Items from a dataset
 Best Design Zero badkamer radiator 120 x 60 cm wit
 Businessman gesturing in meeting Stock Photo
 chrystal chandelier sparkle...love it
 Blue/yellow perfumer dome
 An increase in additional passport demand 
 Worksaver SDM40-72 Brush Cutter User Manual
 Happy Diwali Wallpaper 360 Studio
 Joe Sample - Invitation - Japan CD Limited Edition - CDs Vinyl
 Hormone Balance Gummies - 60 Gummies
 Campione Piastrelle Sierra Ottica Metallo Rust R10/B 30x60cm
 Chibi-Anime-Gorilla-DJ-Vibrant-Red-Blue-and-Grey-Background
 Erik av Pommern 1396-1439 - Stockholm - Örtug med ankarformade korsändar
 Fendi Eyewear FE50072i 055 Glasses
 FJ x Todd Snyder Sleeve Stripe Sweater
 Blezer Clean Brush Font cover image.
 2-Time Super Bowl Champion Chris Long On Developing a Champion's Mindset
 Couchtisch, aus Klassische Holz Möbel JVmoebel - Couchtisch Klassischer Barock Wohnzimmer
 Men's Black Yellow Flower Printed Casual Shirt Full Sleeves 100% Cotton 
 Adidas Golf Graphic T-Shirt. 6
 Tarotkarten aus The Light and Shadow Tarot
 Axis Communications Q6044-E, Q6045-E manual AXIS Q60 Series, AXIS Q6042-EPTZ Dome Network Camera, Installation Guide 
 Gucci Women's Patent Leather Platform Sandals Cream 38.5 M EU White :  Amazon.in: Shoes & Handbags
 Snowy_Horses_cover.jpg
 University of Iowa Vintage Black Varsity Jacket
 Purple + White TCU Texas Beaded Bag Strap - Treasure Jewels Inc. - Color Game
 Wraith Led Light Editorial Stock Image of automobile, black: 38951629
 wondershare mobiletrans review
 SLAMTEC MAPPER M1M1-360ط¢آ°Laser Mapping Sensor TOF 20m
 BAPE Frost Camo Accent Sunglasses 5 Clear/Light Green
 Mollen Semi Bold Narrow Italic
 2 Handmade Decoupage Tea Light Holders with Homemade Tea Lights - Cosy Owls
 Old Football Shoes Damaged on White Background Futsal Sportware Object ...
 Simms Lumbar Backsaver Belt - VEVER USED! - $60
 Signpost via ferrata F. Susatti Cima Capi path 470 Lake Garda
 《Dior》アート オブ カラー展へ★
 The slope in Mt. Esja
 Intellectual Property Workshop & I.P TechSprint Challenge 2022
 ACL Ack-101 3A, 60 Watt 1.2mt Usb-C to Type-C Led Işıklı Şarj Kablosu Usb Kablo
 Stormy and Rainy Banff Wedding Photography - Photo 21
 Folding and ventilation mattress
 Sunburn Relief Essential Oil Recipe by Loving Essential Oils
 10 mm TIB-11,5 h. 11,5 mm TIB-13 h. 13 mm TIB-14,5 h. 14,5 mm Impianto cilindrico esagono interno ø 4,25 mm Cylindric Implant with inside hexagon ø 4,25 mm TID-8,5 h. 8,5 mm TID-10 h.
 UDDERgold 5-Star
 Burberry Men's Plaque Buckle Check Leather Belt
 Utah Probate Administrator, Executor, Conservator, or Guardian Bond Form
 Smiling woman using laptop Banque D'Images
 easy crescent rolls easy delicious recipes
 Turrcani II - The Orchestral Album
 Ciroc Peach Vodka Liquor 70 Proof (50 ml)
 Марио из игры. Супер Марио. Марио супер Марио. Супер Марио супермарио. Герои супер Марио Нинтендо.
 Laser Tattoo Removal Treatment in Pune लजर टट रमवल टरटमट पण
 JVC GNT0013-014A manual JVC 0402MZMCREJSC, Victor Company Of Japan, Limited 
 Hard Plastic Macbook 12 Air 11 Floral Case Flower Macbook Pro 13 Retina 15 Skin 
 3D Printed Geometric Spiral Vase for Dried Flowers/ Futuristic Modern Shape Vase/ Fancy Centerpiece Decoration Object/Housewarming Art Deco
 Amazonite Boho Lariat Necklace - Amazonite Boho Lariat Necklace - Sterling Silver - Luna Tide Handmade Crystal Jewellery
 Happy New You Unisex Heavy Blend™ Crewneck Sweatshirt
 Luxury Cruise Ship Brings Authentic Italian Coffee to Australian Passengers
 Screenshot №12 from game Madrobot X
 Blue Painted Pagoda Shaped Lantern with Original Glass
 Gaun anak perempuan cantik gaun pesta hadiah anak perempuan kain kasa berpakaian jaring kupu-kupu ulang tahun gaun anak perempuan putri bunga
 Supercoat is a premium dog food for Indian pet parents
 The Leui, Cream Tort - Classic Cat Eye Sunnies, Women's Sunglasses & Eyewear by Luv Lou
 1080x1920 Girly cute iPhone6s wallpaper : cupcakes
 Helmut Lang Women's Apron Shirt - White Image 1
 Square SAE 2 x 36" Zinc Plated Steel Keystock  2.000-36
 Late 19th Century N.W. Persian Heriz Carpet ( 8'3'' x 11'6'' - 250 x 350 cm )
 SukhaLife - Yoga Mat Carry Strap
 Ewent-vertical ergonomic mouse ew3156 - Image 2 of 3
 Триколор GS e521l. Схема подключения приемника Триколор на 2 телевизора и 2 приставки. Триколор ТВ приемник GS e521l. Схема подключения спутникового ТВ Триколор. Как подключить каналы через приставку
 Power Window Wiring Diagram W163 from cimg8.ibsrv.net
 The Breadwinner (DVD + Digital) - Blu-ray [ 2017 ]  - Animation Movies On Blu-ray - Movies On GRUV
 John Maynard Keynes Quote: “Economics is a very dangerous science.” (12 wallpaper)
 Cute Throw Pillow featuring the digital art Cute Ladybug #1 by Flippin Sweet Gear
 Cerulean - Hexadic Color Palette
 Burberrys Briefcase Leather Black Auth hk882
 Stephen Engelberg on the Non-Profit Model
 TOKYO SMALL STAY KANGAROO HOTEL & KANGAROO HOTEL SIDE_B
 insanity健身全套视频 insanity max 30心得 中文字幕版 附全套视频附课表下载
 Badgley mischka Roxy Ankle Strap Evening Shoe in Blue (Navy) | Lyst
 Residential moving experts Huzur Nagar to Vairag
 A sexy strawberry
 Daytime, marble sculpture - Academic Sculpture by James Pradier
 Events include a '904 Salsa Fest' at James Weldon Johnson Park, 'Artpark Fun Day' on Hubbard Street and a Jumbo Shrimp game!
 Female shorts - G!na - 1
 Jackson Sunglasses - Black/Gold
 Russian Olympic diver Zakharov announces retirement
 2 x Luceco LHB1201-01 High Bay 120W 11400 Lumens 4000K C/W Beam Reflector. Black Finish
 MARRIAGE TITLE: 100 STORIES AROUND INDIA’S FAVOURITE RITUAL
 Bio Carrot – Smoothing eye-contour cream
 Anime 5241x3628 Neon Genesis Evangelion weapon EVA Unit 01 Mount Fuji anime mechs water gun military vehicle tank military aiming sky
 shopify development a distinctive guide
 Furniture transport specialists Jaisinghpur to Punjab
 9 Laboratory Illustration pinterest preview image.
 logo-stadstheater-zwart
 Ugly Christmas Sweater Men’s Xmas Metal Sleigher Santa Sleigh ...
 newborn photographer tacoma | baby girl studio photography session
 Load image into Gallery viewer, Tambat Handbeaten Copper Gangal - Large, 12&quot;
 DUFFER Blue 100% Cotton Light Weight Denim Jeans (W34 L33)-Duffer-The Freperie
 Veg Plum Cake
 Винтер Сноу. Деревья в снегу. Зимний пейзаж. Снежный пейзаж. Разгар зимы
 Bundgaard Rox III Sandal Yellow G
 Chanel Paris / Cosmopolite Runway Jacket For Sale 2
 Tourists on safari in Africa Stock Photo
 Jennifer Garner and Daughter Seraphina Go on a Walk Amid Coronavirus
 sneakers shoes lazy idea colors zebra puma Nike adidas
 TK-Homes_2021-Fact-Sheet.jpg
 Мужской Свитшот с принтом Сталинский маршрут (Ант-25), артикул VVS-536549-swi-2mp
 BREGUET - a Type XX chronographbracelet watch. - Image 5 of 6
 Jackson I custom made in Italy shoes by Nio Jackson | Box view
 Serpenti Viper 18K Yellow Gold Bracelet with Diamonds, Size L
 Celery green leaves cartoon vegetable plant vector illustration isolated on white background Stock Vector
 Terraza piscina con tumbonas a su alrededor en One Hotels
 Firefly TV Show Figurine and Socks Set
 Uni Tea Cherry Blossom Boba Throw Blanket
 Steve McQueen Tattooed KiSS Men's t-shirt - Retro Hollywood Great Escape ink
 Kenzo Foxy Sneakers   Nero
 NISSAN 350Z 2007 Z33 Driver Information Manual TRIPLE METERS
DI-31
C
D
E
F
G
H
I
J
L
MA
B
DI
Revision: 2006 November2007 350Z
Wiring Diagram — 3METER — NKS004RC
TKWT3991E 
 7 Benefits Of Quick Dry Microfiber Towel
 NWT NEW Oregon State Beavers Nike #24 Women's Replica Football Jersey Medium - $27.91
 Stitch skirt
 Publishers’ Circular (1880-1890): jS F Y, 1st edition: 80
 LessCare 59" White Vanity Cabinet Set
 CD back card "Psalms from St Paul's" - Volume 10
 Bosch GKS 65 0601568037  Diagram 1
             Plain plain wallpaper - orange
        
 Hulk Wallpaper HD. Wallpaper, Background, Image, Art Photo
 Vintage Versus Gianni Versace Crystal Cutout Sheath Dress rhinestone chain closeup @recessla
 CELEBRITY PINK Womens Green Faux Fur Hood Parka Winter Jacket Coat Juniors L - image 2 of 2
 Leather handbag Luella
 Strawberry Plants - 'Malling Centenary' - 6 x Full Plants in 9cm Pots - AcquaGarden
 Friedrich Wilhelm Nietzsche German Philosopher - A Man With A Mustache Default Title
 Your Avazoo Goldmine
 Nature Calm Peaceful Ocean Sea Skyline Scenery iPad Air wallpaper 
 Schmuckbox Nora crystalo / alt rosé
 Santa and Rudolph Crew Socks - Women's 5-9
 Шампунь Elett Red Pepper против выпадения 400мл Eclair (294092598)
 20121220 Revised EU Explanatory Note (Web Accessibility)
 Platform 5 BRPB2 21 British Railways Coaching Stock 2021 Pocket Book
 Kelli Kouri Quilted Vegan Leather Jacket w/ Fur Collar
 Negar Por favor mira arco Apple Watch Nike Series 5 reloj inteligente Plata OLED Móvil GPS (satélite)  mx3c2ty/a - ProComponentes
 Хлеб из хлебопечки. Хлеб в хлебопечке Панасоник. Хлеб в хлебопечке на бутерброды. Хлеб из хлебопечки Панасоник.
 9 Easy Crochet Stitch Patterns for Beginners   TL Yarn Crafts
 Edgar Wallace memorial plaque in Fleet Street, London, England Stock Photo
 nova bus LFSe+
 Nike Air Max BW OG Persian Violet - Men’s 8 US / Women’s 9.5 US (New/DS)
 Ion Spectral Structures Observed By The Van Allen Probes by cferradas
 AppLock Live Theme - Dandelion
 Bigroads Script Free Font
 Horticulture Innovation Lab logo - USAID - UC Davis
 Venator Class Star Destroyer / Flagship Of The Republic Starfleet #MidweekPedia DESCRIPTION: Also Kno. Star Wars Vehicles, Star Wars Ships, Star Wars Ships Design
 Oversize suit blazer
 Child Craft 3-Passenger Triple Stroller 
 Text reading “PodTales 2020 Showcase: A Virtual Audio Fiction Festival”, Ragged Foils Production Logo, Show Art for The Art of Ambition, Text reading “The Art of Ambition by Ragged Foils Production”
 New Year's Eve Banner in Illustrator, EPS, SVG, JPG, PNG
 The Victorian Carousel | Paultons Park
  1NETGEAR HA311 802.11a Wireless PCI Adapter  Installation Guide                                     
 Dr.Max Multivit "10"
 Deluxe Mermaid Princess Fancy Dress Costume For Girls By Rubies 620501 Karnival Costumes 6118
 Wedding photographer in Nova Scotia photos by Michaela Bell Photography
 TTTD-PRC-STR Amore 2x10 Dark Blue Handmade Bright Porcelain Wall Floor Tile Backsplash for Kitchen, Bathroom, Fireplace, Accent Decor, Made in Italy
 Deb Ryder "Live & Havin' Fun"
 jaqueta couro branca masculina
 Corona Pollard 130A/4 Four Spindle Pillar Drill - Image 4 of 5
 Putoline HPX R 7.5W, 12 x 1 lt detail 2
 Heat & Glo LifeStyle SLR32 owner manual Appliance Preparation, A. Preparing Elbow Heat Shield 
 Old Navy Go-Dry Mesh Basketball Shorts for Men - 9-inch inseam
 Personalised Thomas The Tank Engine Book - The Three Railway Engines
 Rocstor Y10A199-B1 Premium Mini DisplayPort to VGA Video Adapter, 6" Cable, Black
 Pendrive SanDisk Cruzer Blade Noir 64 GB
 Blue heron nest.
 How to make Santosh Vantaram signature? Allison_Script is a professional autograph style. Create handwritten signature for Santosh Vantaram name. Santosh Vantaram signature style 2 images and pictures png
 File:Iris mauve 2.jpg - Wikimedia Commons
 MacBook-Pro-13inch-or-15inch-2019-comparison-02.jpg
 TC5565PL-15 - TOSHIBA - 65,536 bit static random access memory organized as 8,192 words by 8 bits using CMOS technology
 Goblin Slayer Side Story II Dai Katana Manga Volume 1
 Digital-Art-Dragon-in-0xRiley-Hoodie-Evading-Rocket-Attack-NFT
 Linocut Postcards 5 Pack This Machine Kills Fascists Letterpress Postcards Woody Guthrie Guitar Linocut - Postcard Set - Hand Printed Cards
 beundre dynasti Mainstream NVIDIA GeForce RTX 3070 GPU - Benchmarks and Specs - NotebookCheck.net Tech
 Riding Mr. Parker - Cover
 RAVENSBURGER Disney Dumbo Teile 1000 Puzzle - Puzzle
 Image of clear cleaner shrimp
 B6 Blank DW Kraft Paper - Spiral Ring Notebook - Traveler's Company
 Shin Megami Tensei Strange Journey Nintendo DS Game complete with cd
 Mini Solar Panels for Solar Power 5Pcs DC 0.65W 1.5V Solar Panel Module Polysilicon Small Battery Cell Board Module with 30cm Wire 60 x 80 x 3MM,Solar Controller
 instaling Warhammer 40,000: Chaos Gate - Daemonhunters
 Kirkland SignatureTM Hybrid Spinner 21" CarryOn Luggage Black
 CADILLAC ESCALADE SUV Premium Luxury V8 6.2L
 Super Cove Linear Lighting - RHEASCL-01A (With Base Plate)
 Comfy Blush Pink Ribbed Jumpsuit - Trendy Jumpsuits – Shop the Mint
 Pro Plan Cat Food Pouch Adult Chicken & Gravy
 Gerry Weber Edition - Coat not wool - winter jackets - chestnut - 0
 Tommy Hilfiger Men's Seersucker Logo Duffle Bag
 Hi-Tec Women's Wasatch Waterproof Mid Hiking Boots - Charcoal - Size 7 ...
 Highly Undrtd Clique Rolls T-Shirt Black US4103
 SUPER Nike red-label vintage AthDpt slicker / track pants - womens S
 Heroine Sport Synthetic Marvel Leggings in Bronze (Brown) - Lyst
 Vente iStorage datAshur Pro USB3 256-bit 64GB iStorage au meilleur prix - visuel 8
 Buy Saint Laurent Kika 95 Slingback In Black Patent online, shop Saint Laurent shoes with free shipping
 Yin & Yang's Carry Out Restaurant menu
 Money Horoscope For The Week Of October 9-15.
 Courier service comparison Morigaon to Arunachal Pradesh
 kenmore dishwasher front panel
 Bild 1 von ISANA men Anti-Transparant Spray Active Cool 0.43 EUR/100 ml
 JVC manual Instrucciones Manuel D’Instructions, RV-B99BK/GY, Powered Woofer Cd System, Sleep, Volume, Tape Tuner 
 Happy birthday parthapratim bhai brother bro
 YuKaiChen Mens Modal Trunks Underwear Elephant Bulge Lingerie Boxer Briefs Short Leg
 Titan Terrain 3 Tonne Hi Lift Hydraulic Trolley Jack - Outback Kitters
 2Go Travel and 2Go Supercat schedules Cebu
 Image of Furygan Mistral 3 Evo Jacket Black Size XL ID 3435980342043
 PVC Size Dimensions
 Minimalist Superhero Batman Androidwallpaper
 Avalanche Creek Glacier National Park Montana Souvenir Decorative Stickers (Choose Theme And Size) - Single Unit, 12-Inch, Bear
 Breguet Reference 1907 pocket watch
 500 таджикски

• **WORK TASK**
From the data above, copy each line that has the string "Brush".

• **ANSWER TO THIS PROBLEM**
 Worksaver SDM40-72 Brush Cutter User Manual
 Blezer Clean Brush Font cover image.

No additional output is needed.